The Division of Community Centered Services contains the Parole Administration, and the Post-Care Program.

At the outset it is evident that petitioner's proposed unit encompasses only part of one division of the Department of Correctional Services. The evidence did show, however, that immediate supervision of the work performed by the Kearney employees was done by management personnel at the Kearney facility. There is infrequent interchange or contact between the Kearney employees and the Department's other facilities which are distinctly separate geographically.

The Department has been bargaining with a unit of Correctional officers encompassing the penitentiary, reformatory, and the post case units located in Omaha, Lincoln and Norfolk. That unit resulted from a certification election conducted by this Court, and does nothing to diminish the Department's arguments for a larger department wide unit in opposition to petitioner's proposed unit in this case.

The petitioner failed to prove a lack of mutuality of interest in wags, hours, and working conditions among the Kearney employees and other Department employees holding similar job classifications, but located at other facilities. There was no evidence that the Kearney employees exhibited differing skills and functions from other department employees with the possible exception of correctional officers who already have a separate unit.

The Department presented evidence illustrating a high degree of centralization in management regarding personnel matters. Under the authority of its director, the Department has a personnel officer who is primarily responsible for the creation and administration of personnel policies, within guidelines set froth by the Nebraska Department of Personnel.

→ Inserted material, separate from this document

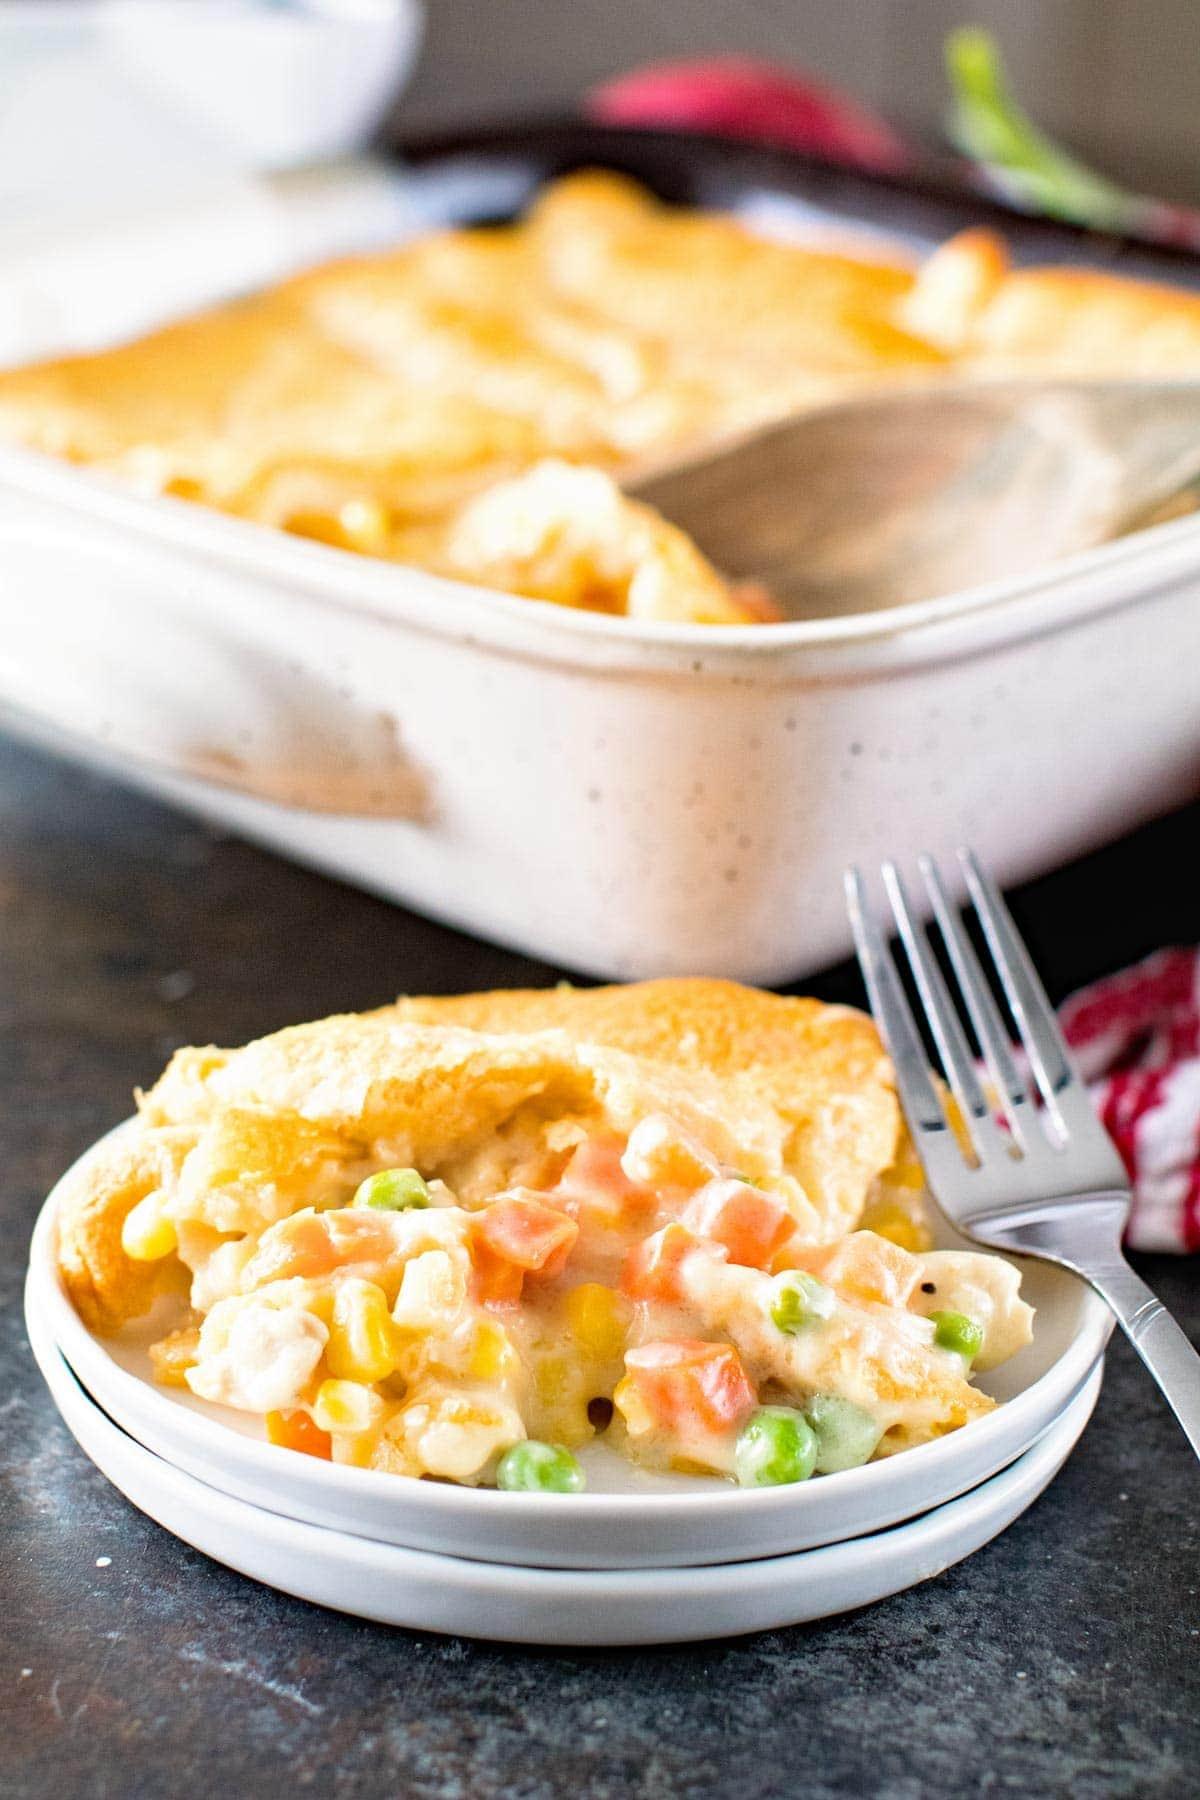 How to Make Chicken Pot pie Casserole

The personnel officer monitors promotions, demotions, and other changes in job classification, as well as salary increases and adjustments.

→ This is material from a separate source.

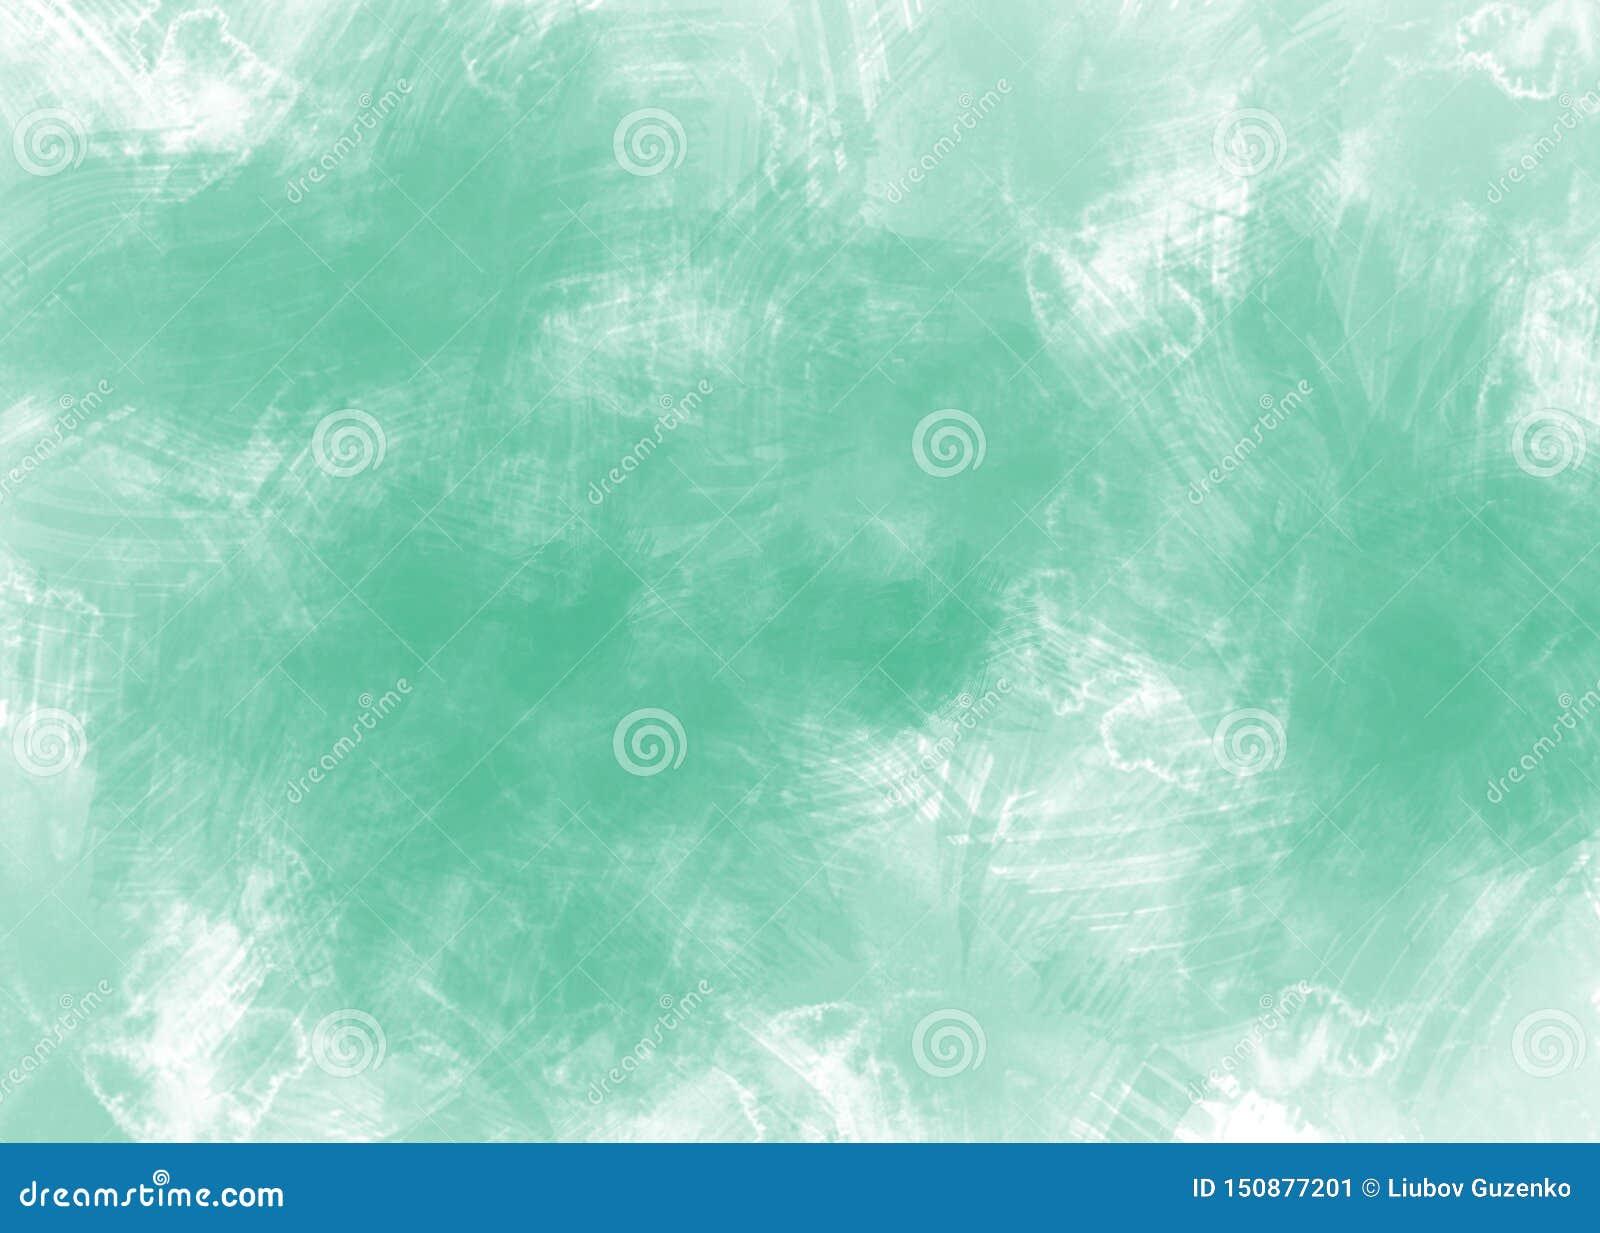 Abstrakt vattenfärggräsplanbakgrund på vitbok

Except for teachers, the Department's employees are classified under the State Personnel System. As such, they come under the State Classification and Pay Plan (Exhibit 5) which sets forth job classifications and pay grades which are to be applied uniformly throughout the state. These same employees are also subject to the State Department of Personnel Rules and Regulations (Exhibit 6) which govern such areas as job classifications, salary administration, hiring, probationary status, promotions, transfer, disciplinary action, demotions, suspensions, grievances, and performance evaluation. The Rules and Regulations are to be uniformly applied throughout all the divisions of the Department of Corrections as well as to other state departments.

The testimony at trial revealed that with few exceptions, the job classifications within the proposed unit also existed at other facilities within the Department, and that duties, work hours, and salaries are uniform within the job classifications throughout the state.

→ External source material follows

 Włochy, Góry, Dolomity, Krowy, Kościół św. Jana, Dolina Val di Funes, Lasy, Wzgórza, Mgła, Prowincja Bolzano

The Department's expert witness, John Russel, who is the state's Chief of Labor Relations, testified concerning possible management problems resulting from the proposed unit. It was his opinion that problems would occur within a Department where part of the employees of a certain classification are within a bargaining unit while others are not, or where employees of a certain classification are represented in more than one bargaining unit. His concerns included the difficulty and confusion which could result from bargaining for and administering several contracts covering similarly classified employees within a single department.

Apart from the validity of these arguments, it is clear that the evidence of petitioner has not overcome the presumption contained in S48-838 against units of less than departmental size.

Petitioner relies on this Court's opinion in Sheldon Station Employees v. NPPD , 3 CIR 228-1(1977), to support its position. The facts in that case are, however, quite different. The unit involved was located at a power generating plant, a situation quite similar to a private sector industry. The employer had also previously dealt with single-plant employee committees, a factor missing in the instant case.

For the foregoing reasons, the Court finds that the petition herein should be and hereby is dismissed.